■ Goal of the exercise:
Your task is to restate word for word the lines in the material below, from the one with "Microbes On A Mission" up to and including the one with "Load image into". Do not carry over the pictures.

■ Data to examine:
--
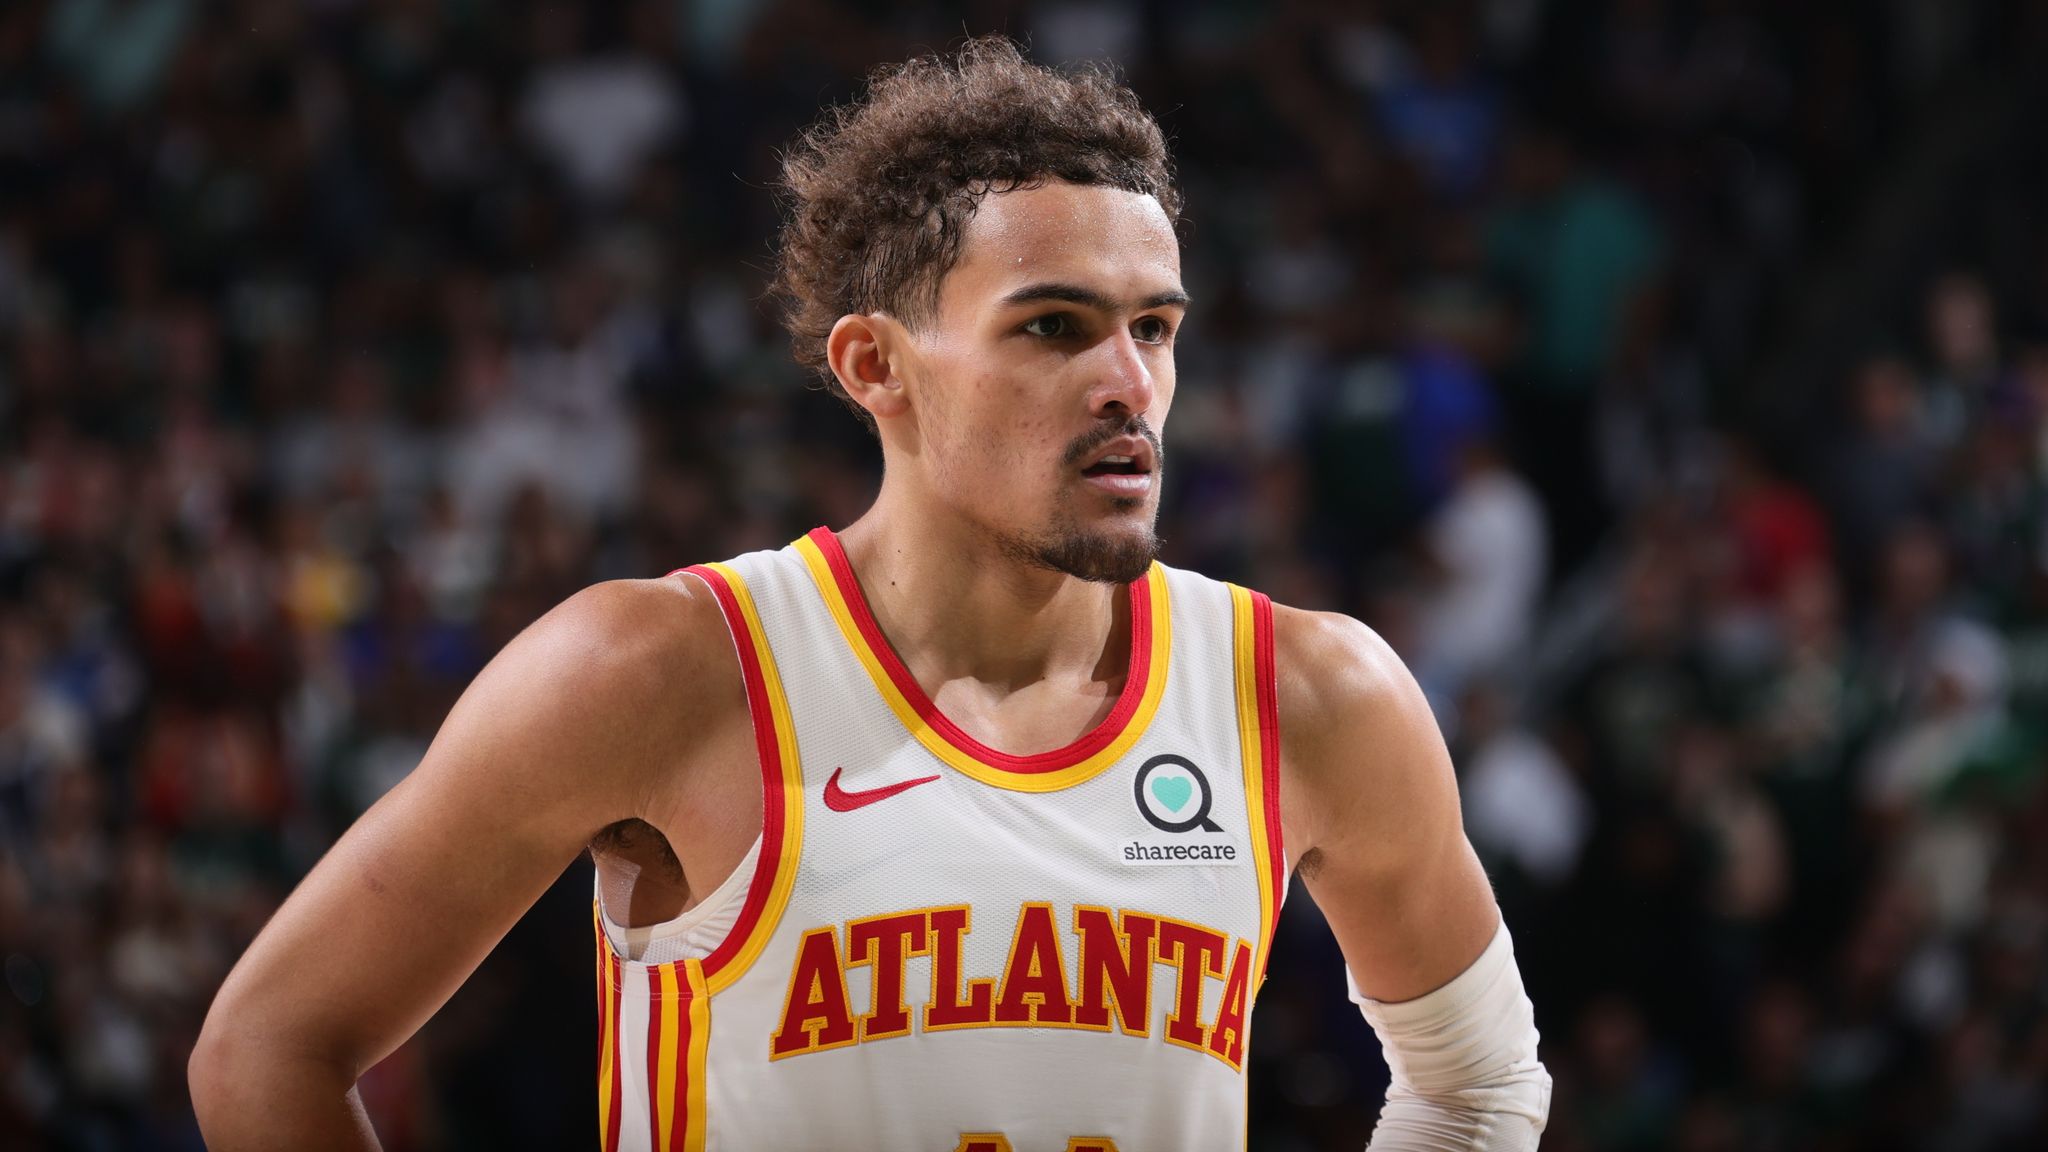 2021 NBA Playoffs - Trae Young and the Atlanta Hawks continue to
--
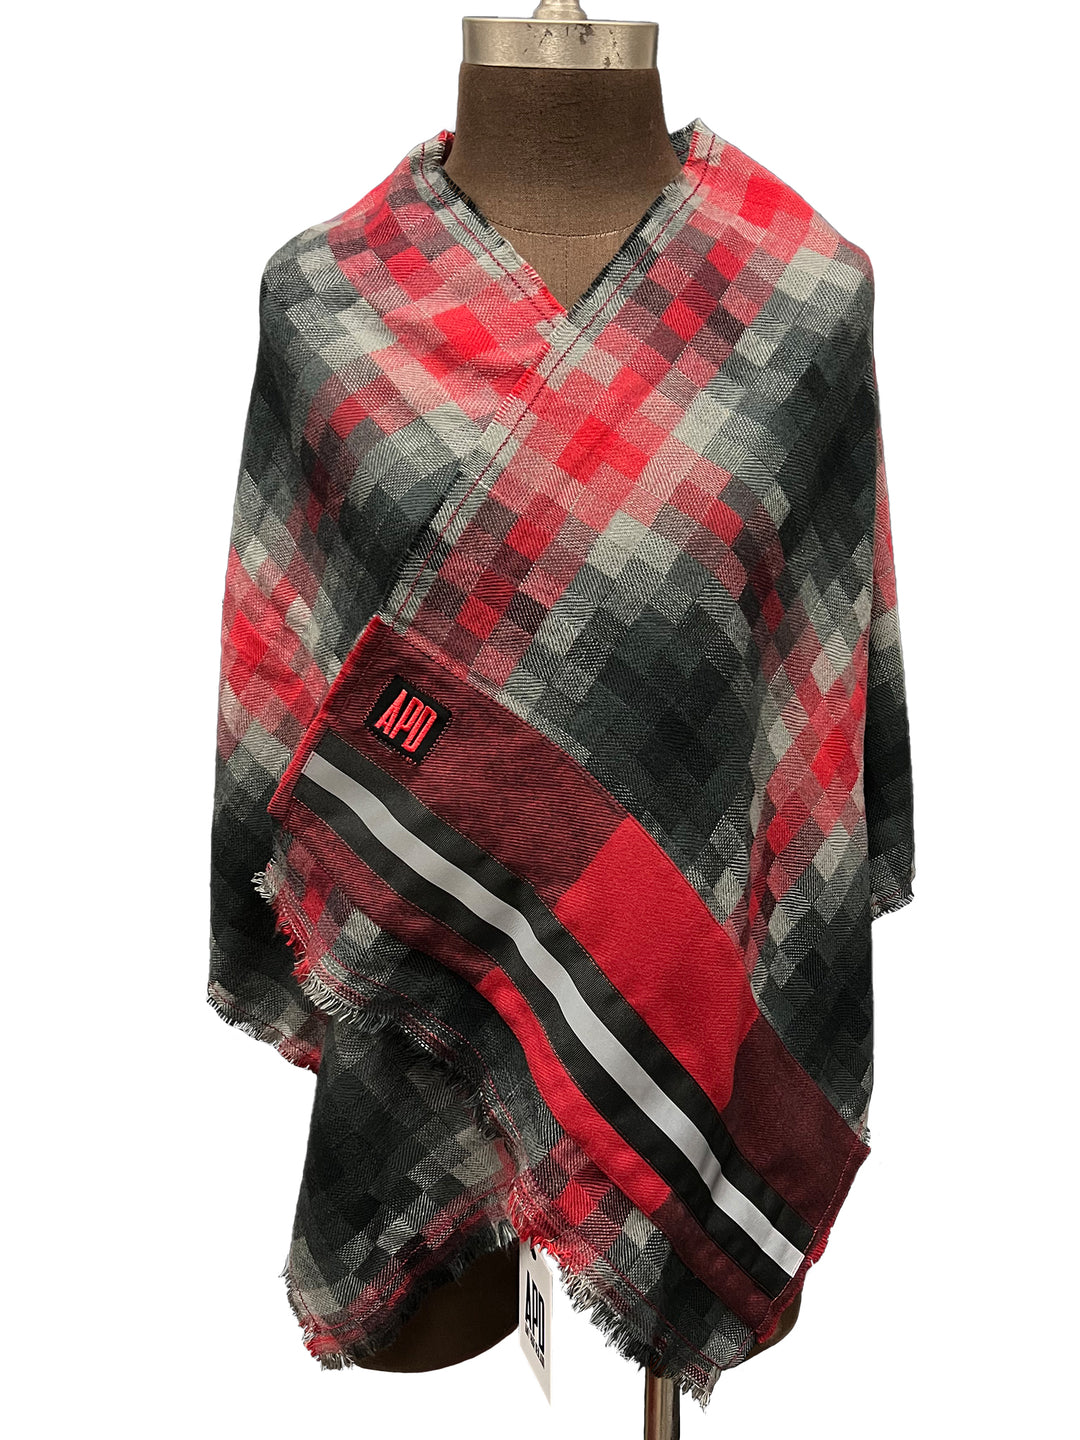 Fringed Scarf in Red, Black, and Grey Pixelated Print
--
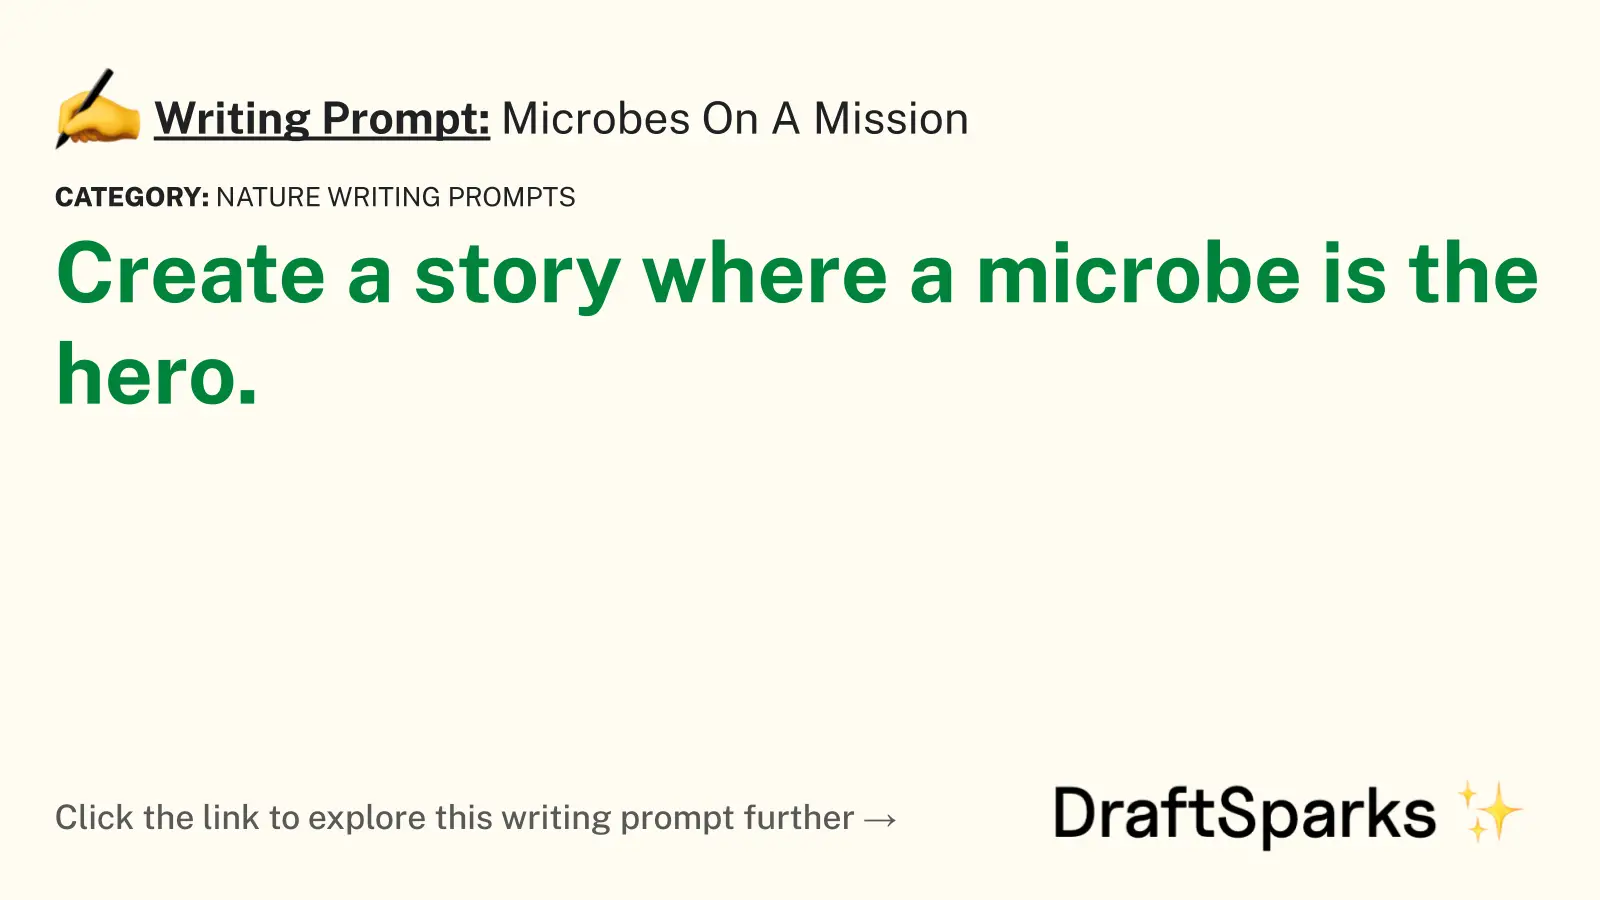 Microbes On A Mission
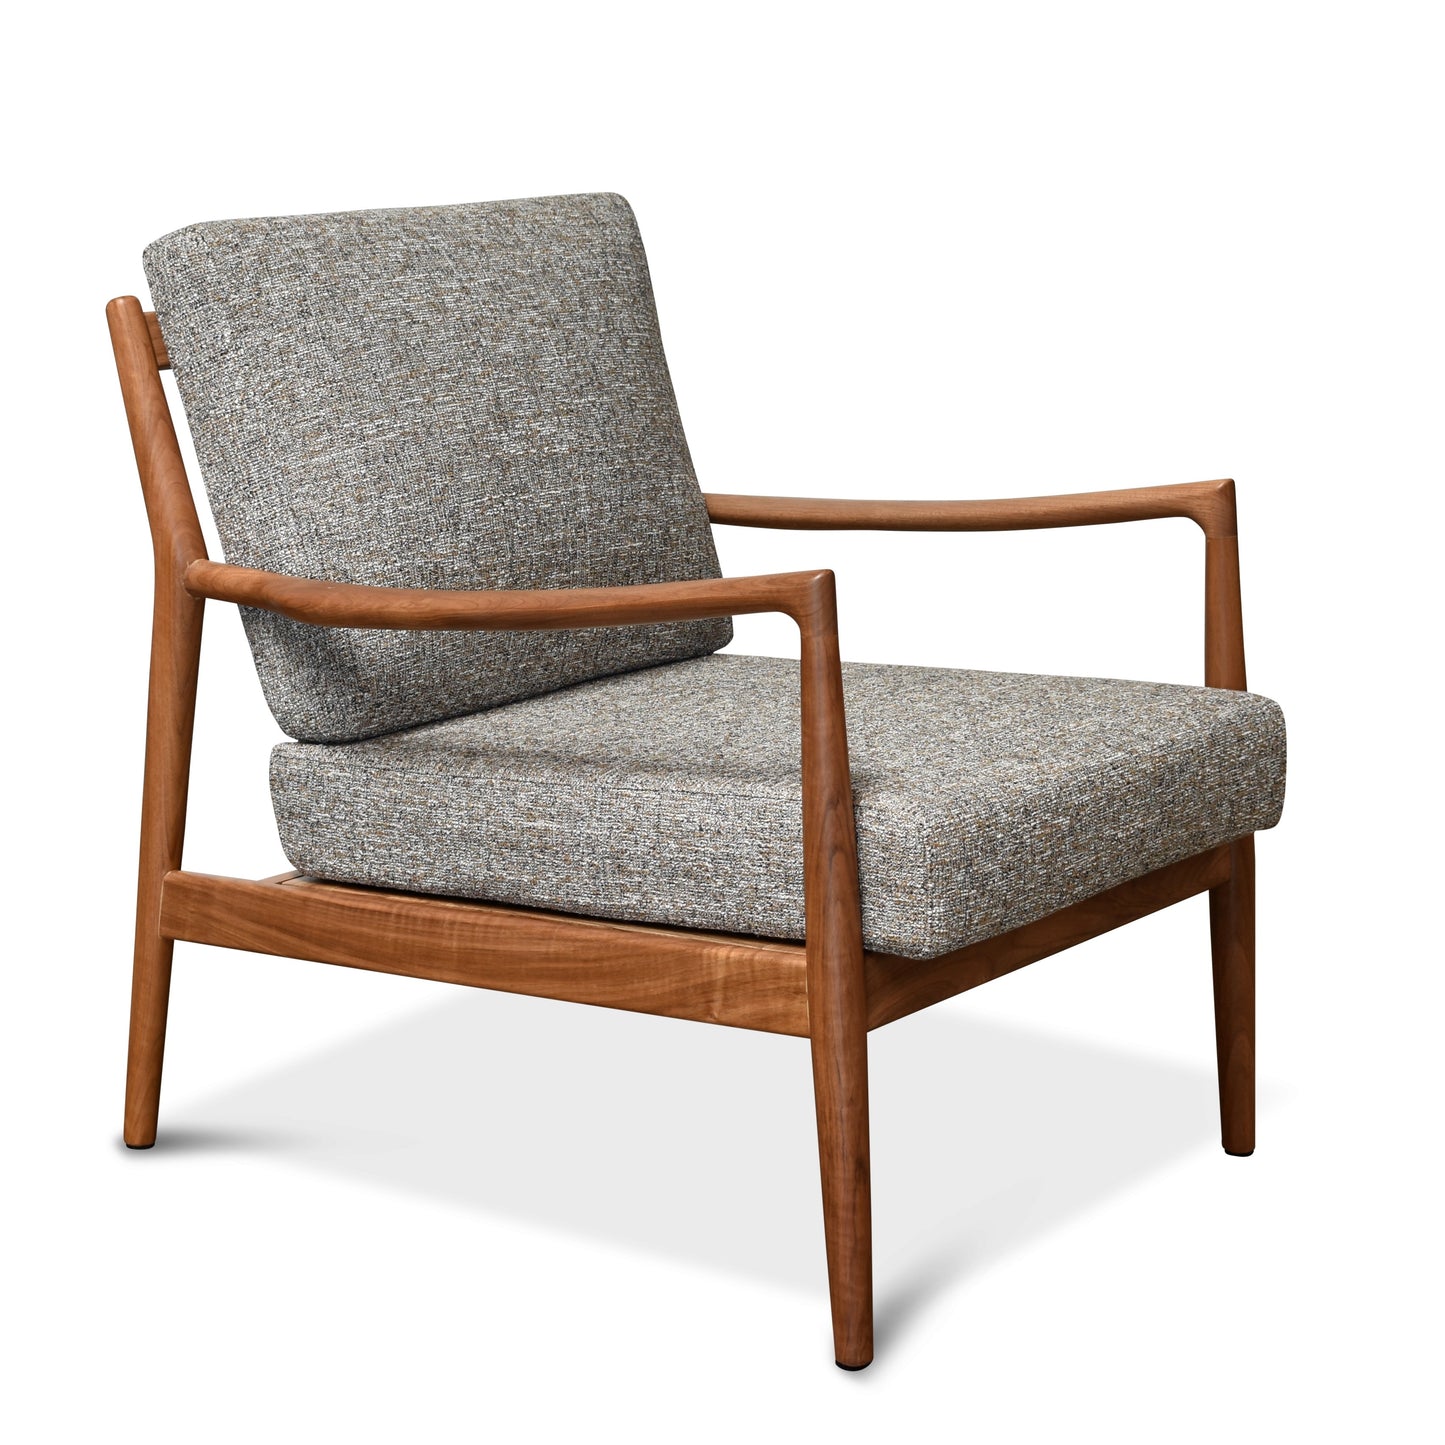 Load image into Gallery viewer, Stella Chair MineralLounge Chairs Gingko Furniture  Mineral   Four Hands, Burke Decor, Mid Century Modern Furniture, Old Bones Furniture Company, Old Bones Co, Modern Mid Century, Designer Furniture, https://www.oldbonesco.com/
--
■ Response to this exercise:
 Microbes On A Mission
 Load image into Gallery viewer, Stella Chair MineralLounge Chairs Gingko Furniture  Mineral   Four Hands, Burke Decor, Mid Century Modern Furniture, Old Bones Furniture Company, Old Bones Co, Modern Mid Century, Designer Furniture, https://www.oldbonesco.com/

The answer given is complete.